## SUPPLIED INFORMATION
□ □ □ □

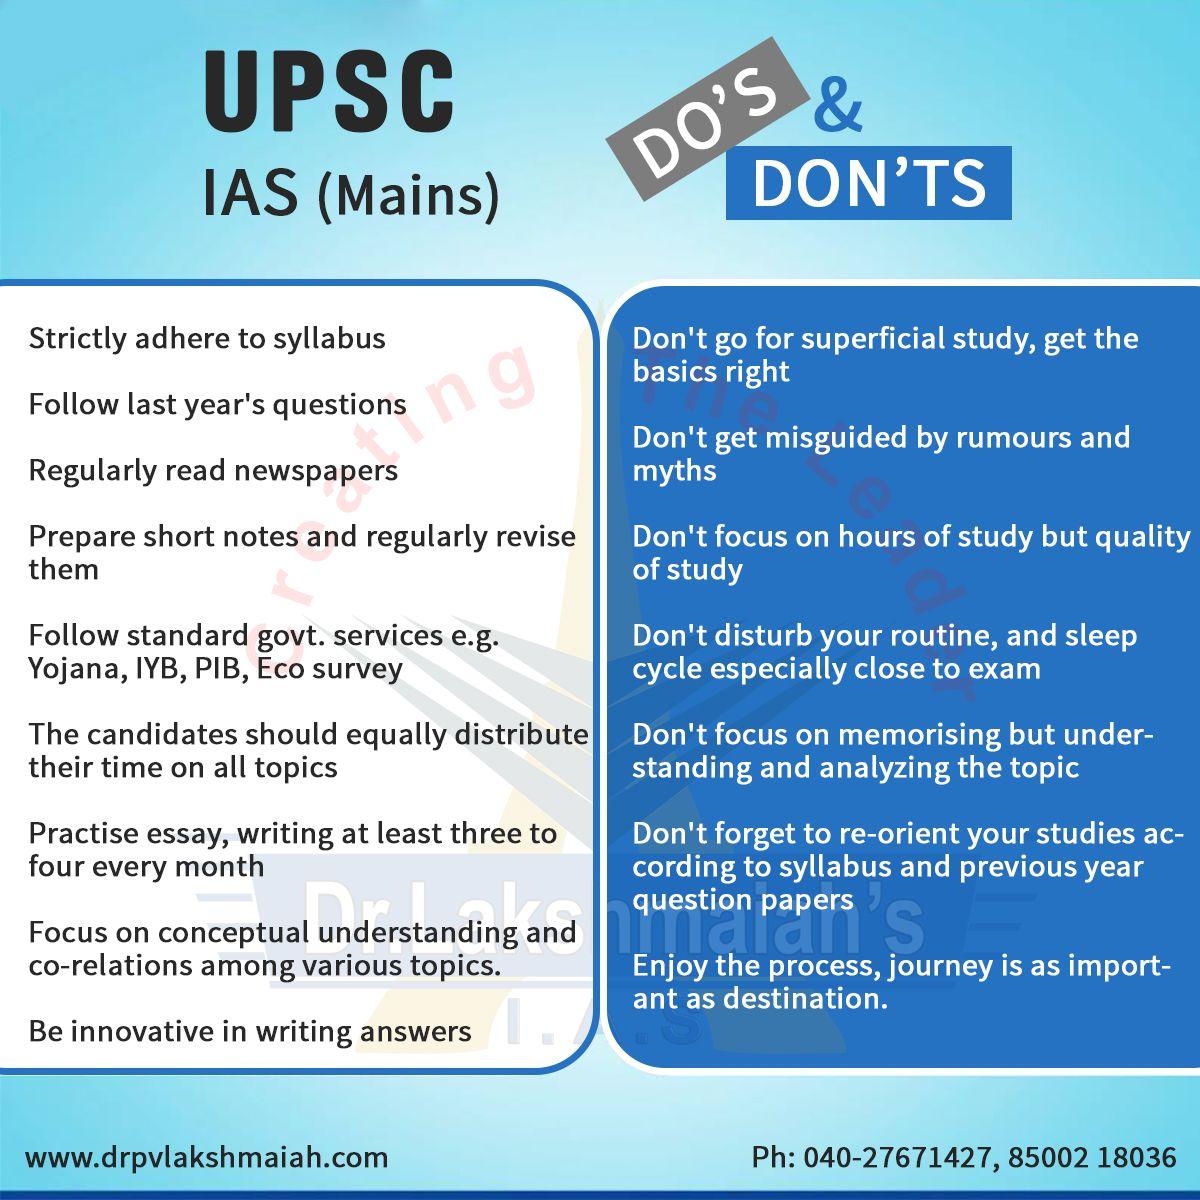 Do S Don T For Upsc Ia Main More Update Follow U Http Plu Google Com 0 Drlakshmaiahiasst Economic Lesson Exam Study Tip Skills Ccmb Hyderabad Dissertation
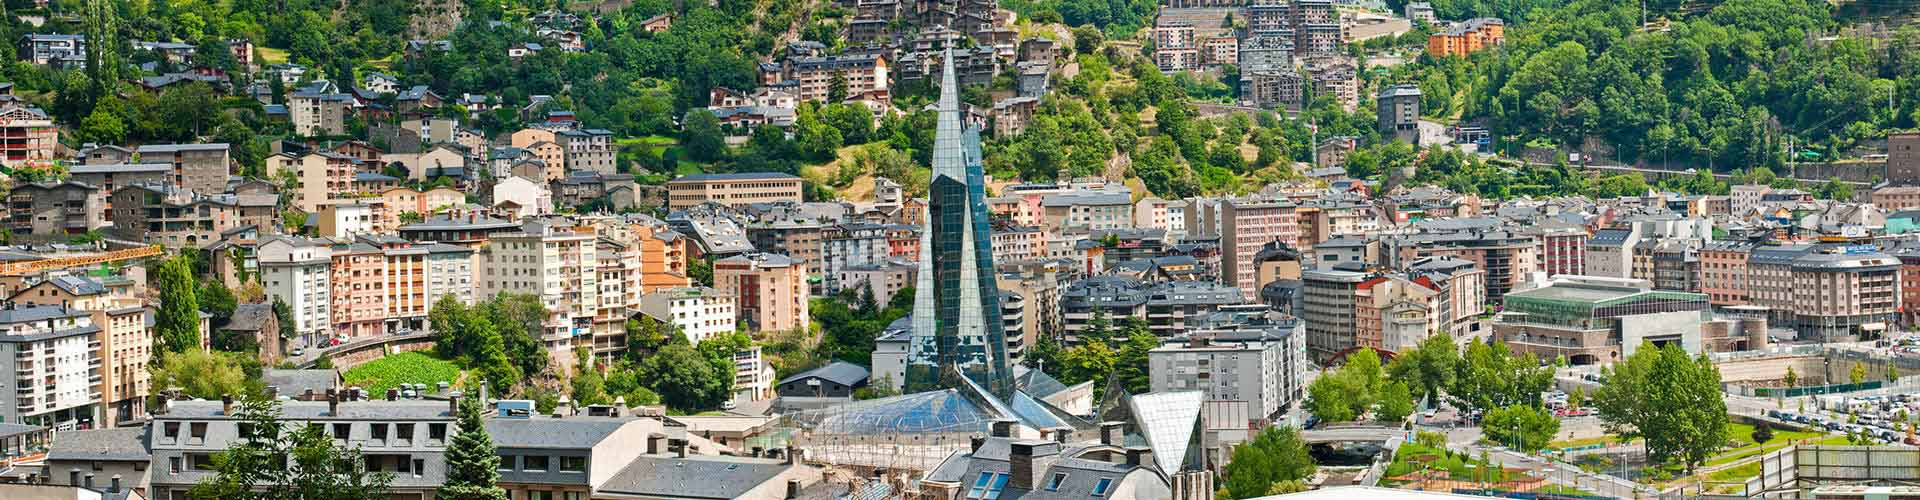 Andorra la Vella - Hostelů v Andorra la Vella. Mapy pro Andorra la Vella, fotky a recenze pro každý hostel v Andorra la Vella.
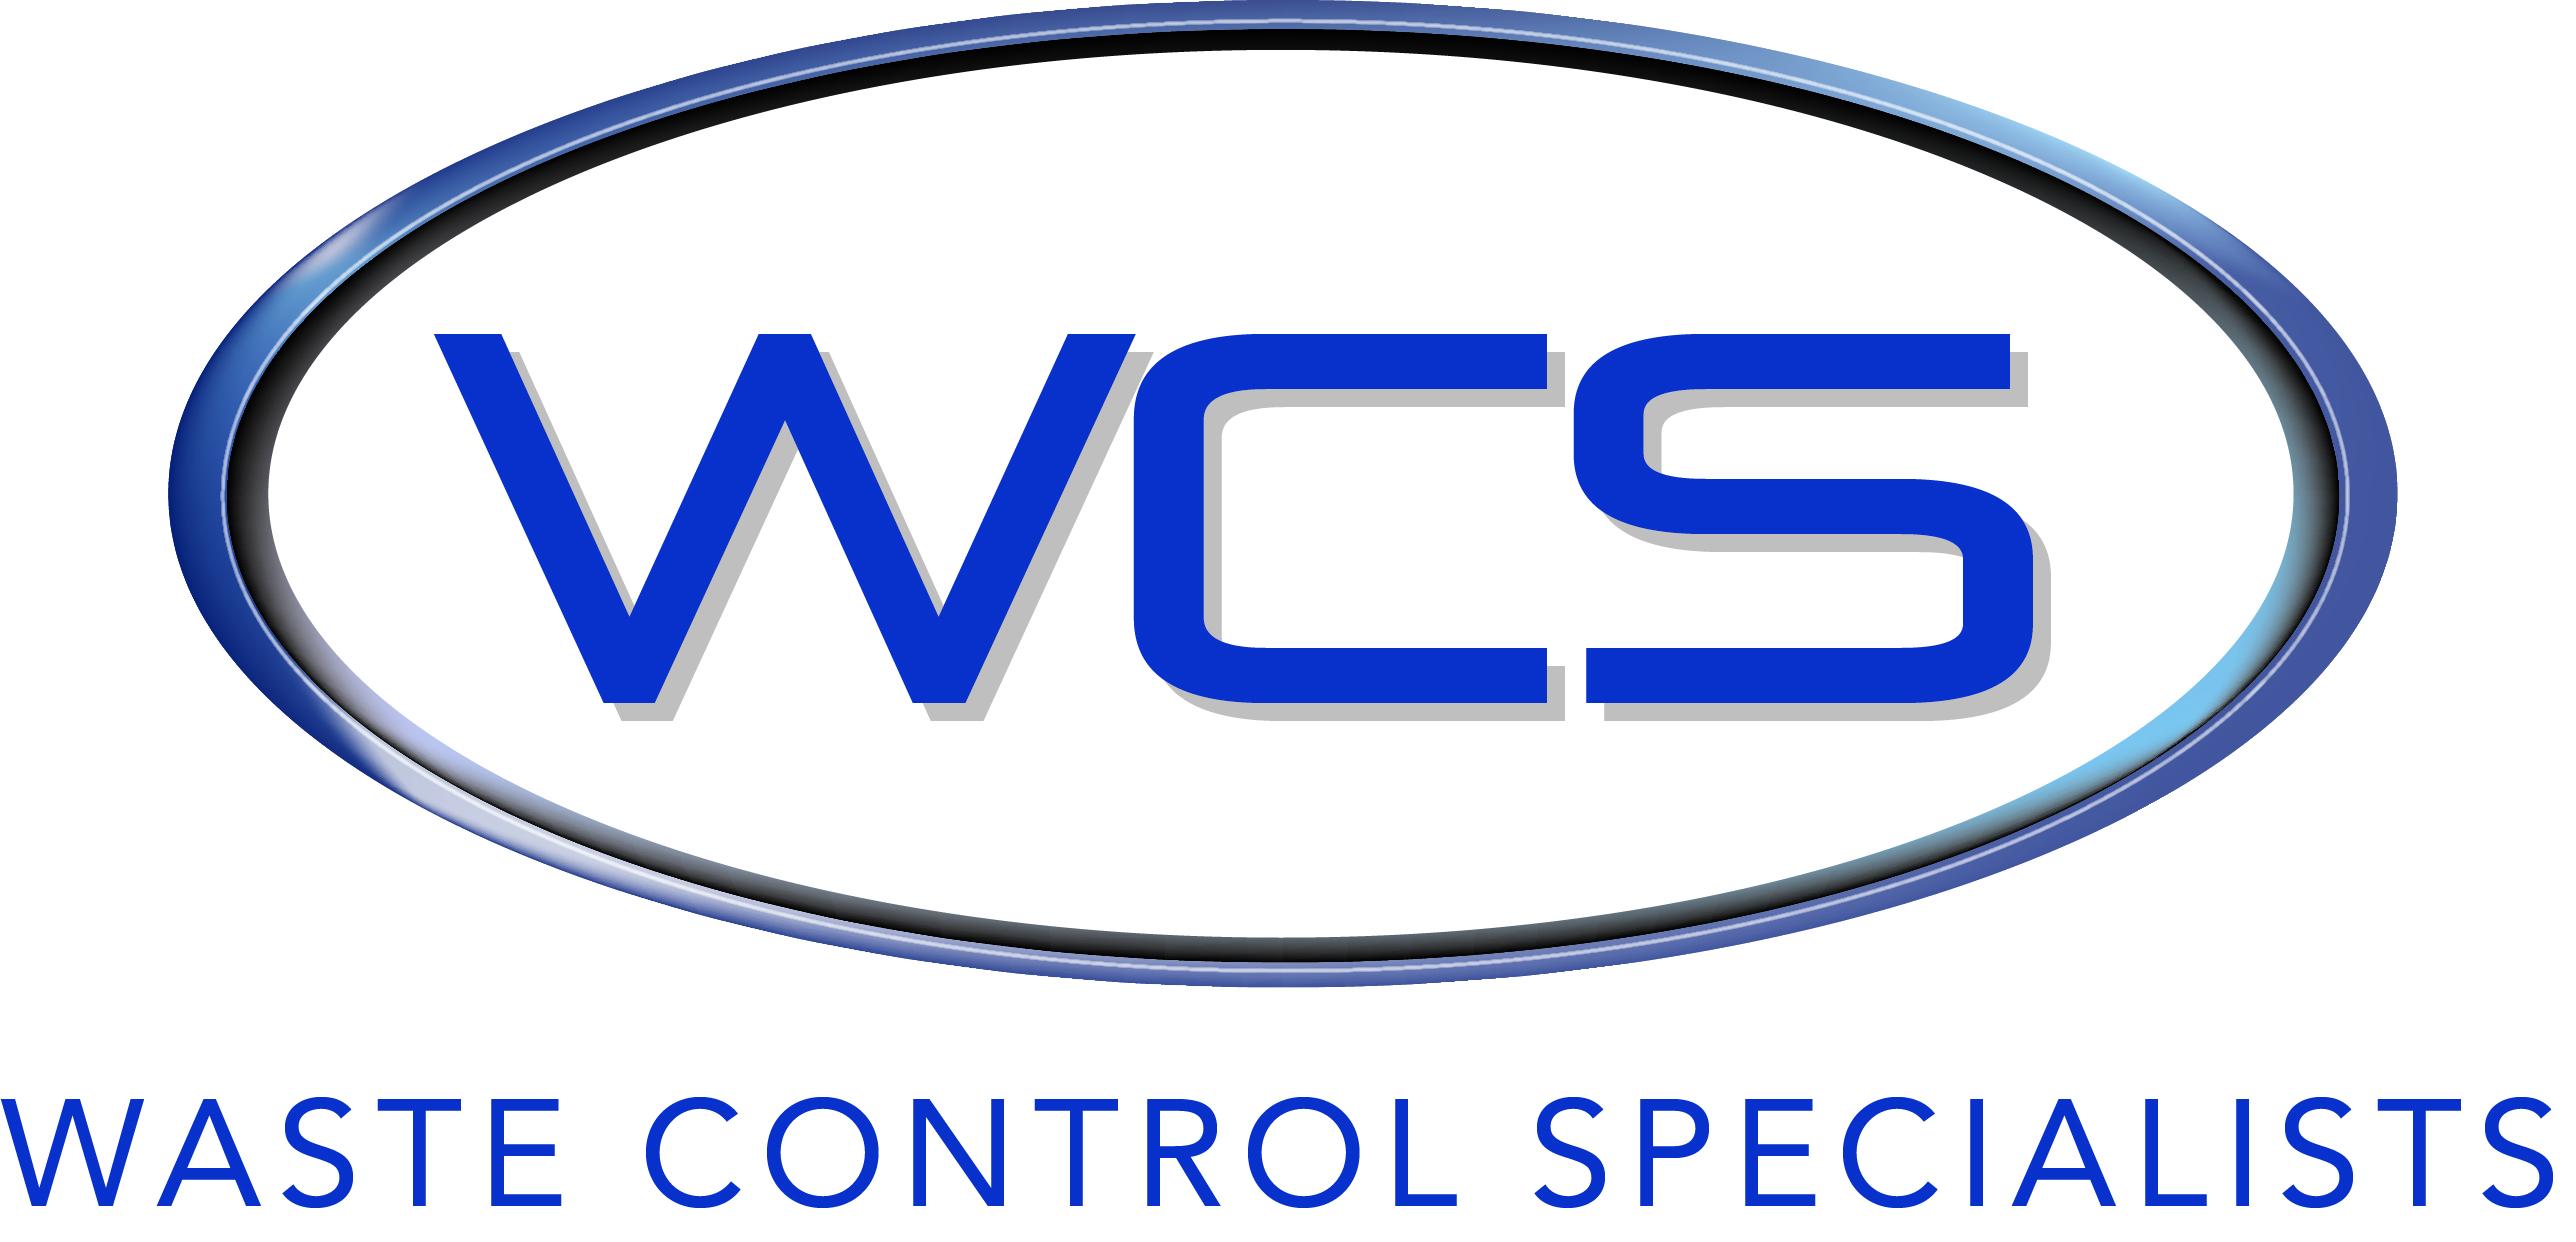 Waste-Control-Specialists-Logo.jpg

□ □ □ □

## HOW TO COMPLETE THIS TASK
Print each line of the listing exactly and include no pictures.

## RESPONSE TO THIS EXERCISE
 Do S Don T For Upsc Ia Main More Update Follow U Http Plu Google Com 0 Drlakshmaiahiasst Economic Lesson Exam Study Tip Skills Ccmb Hyderabad Dissertation
 Andorra la Vella - Hostelů v Andorra la Vella. Mapy pro Andorra la Vella, fotky a recenze pro každý hostel v Andorra la Vella.
 Waste-Control-Specialists-Logo.jpg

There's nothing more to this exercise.